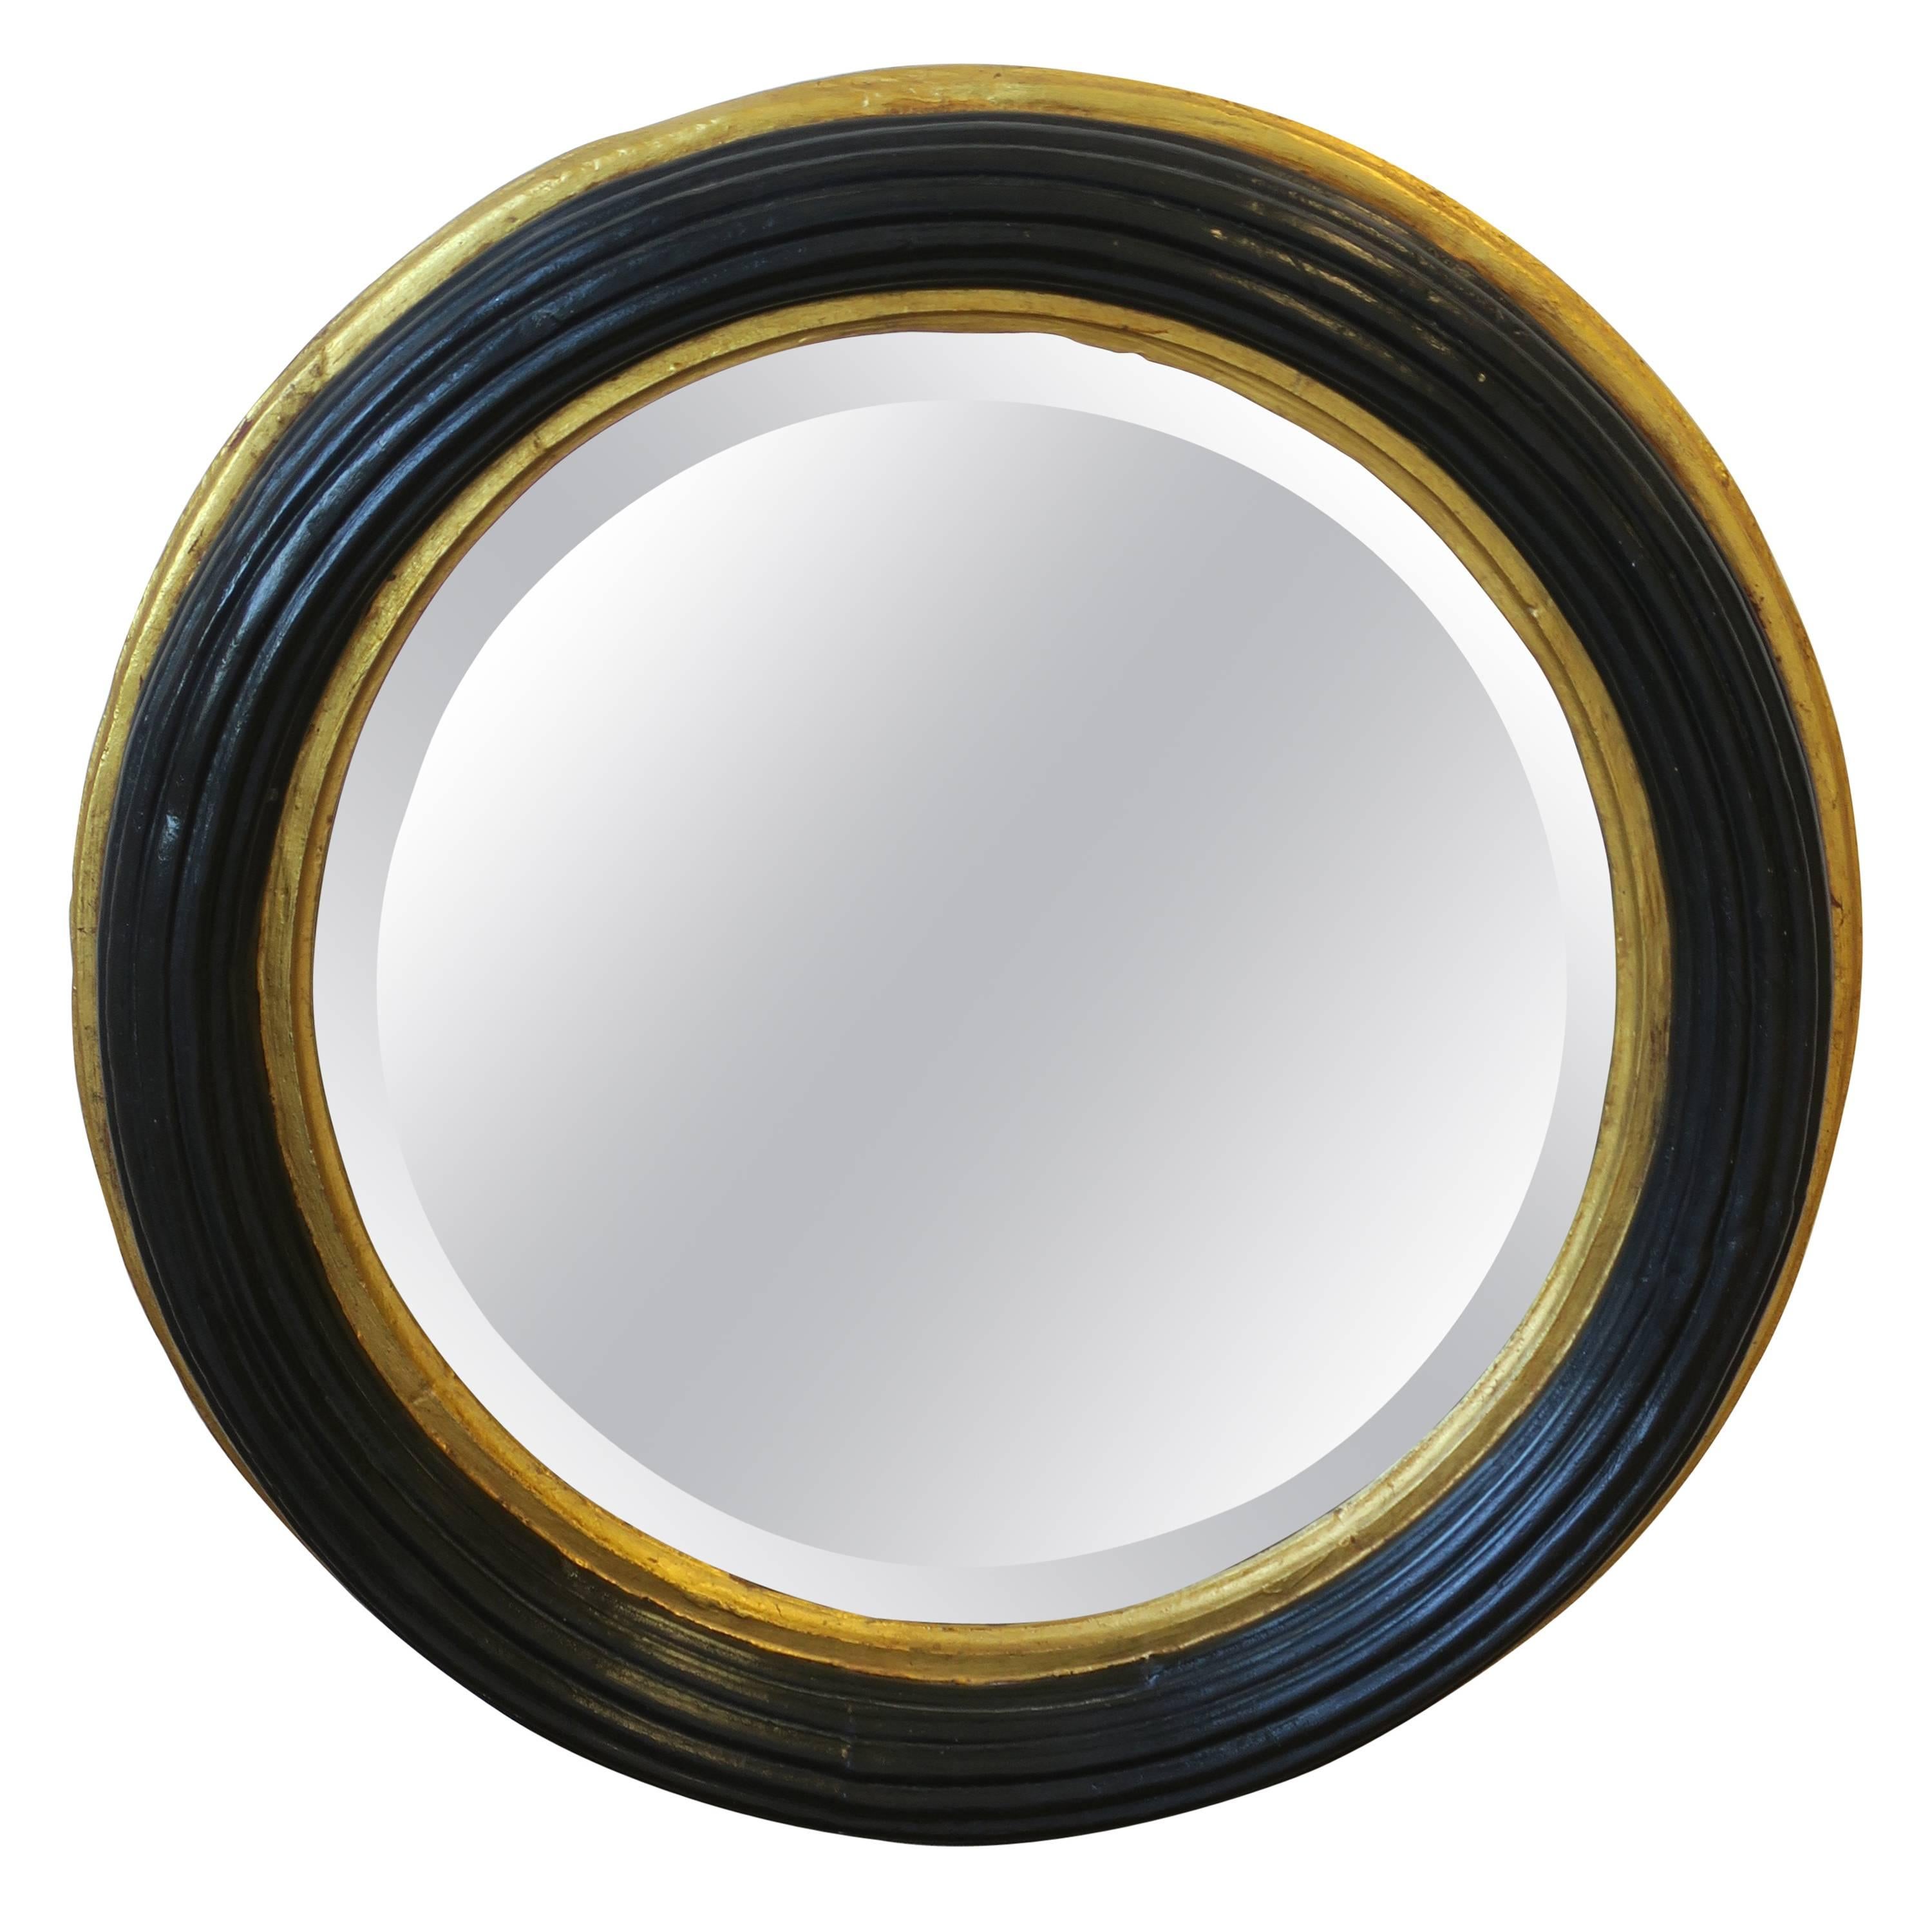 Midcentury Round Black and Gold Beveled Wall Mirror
==
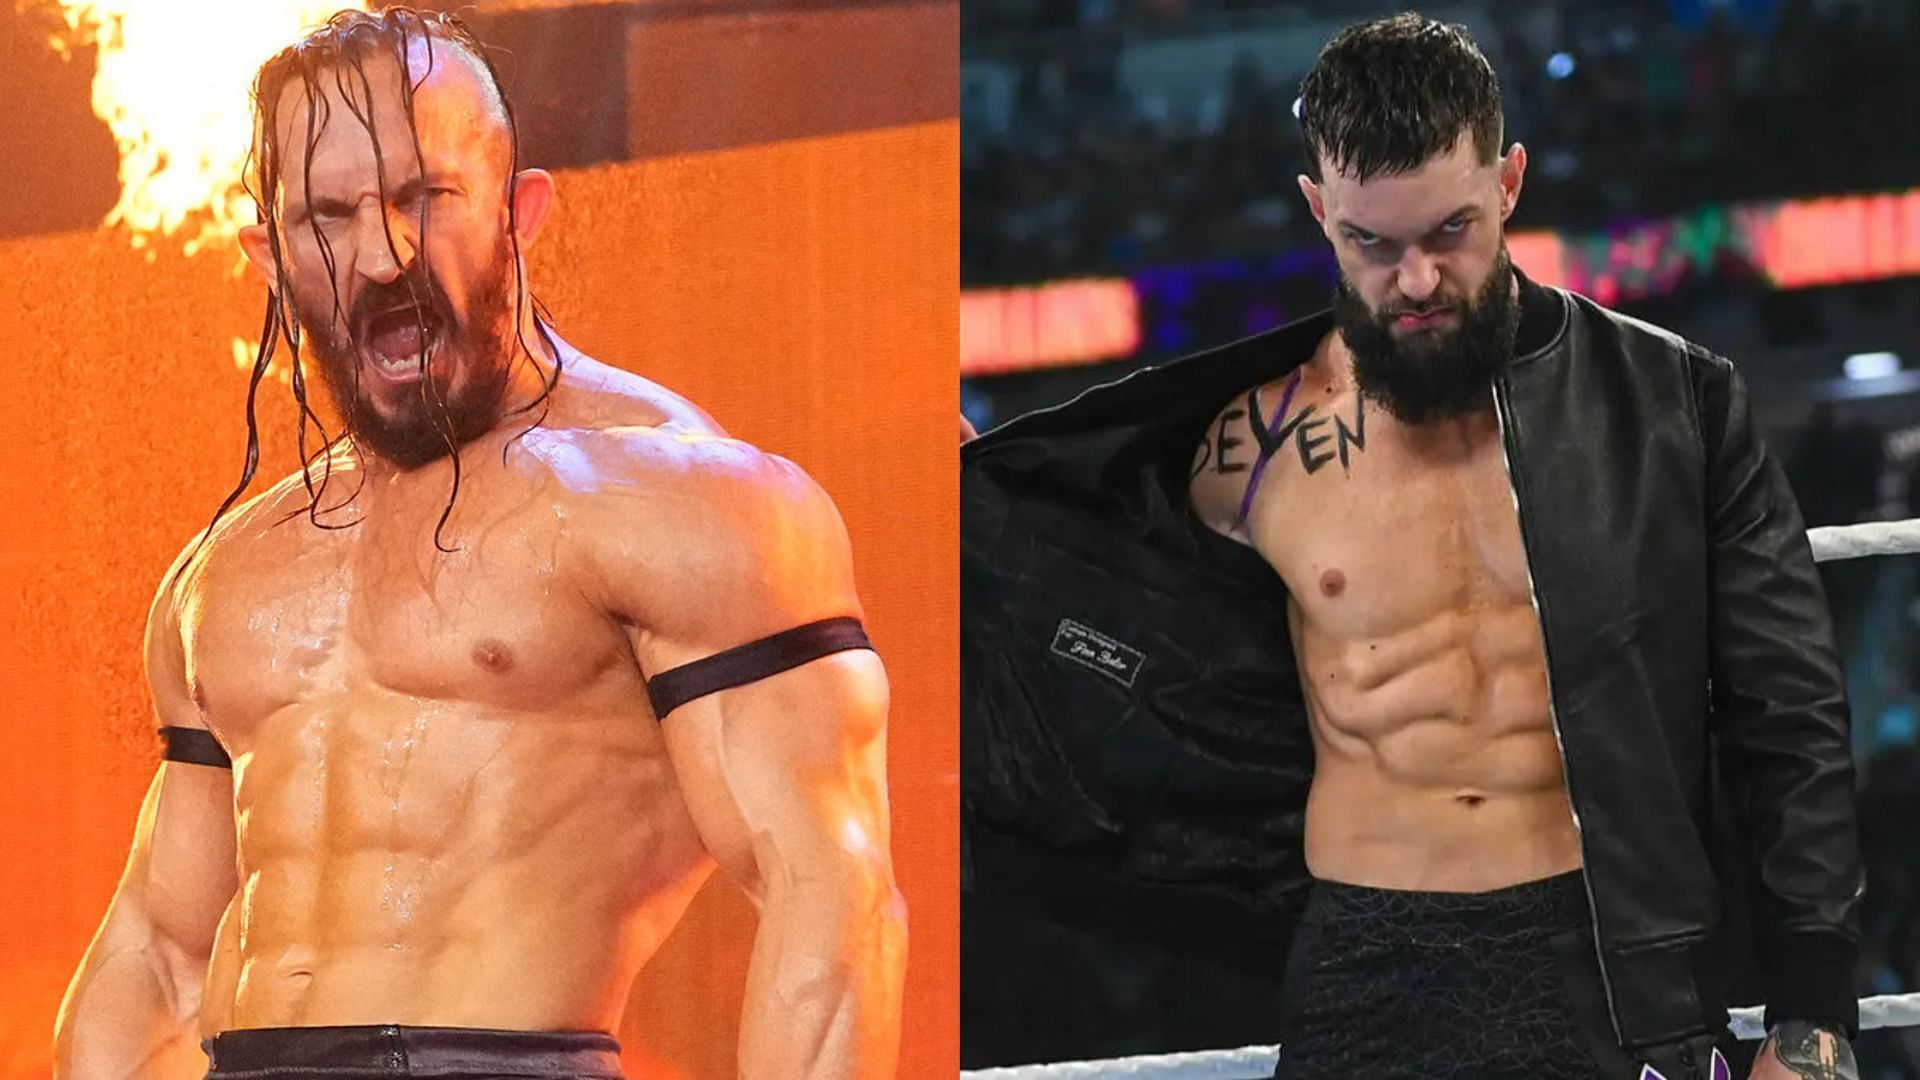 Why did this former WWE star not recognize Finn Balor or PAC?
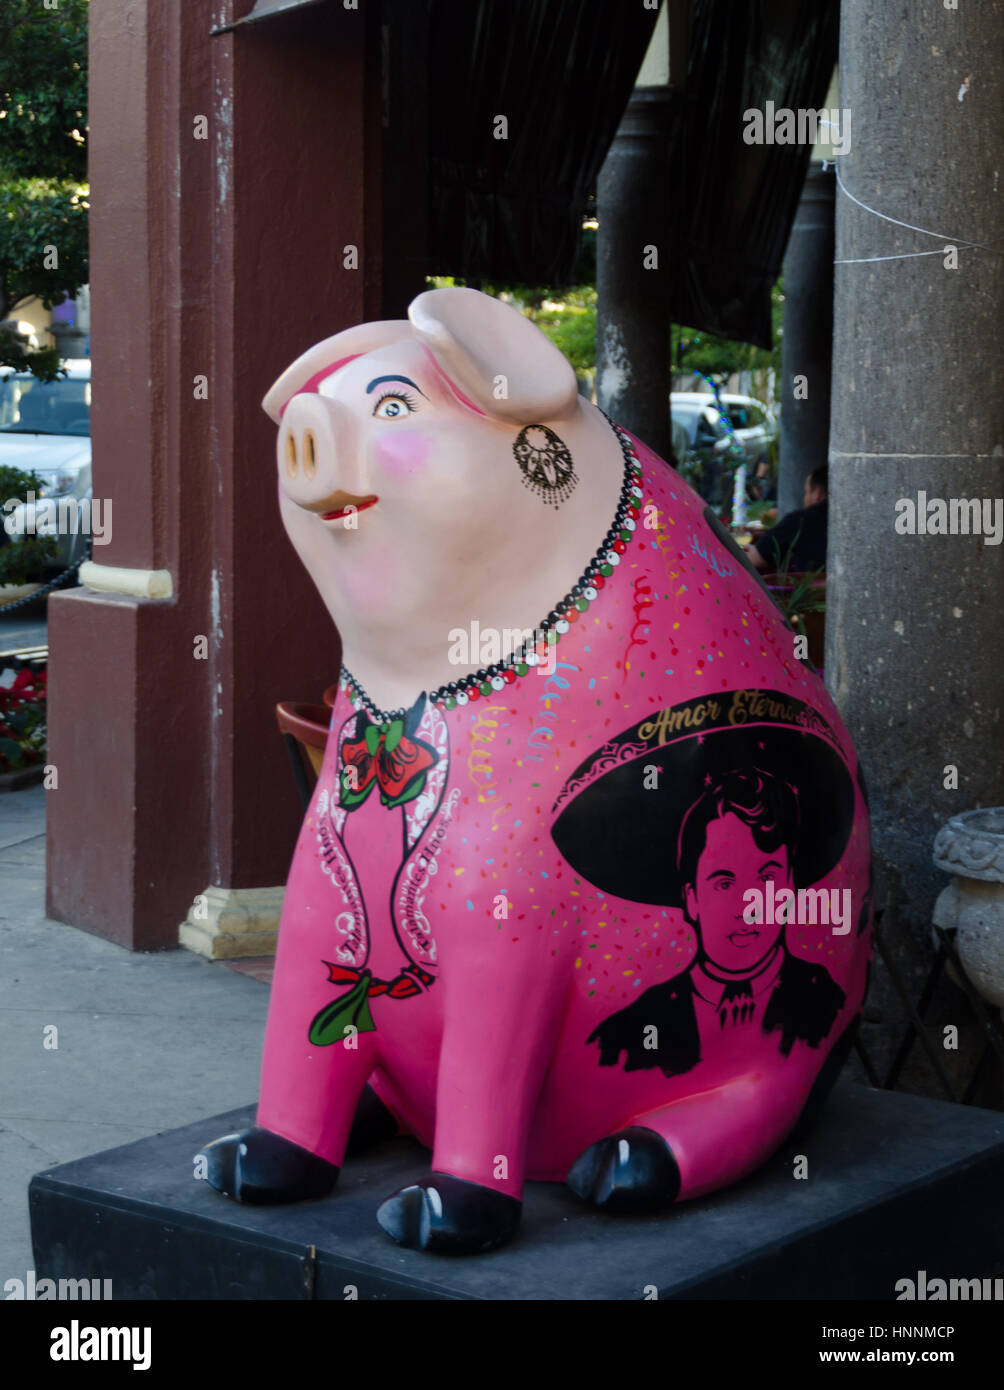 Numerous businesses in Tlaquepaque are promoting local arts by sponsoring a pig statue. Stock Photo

### PROBLEM REQUIREMENTS
Among the entries above, find the line with "Why did this" and repeat exactly from there through the line with "Numerous businesses in", leaving out the pictures.

### RESULT
 Why did this former WWE star not recognize Finn Balor or PAC?
 Numerous businesses in Tlaquepaque are promoting local arts by sponsoring a pig statue. Stock Photo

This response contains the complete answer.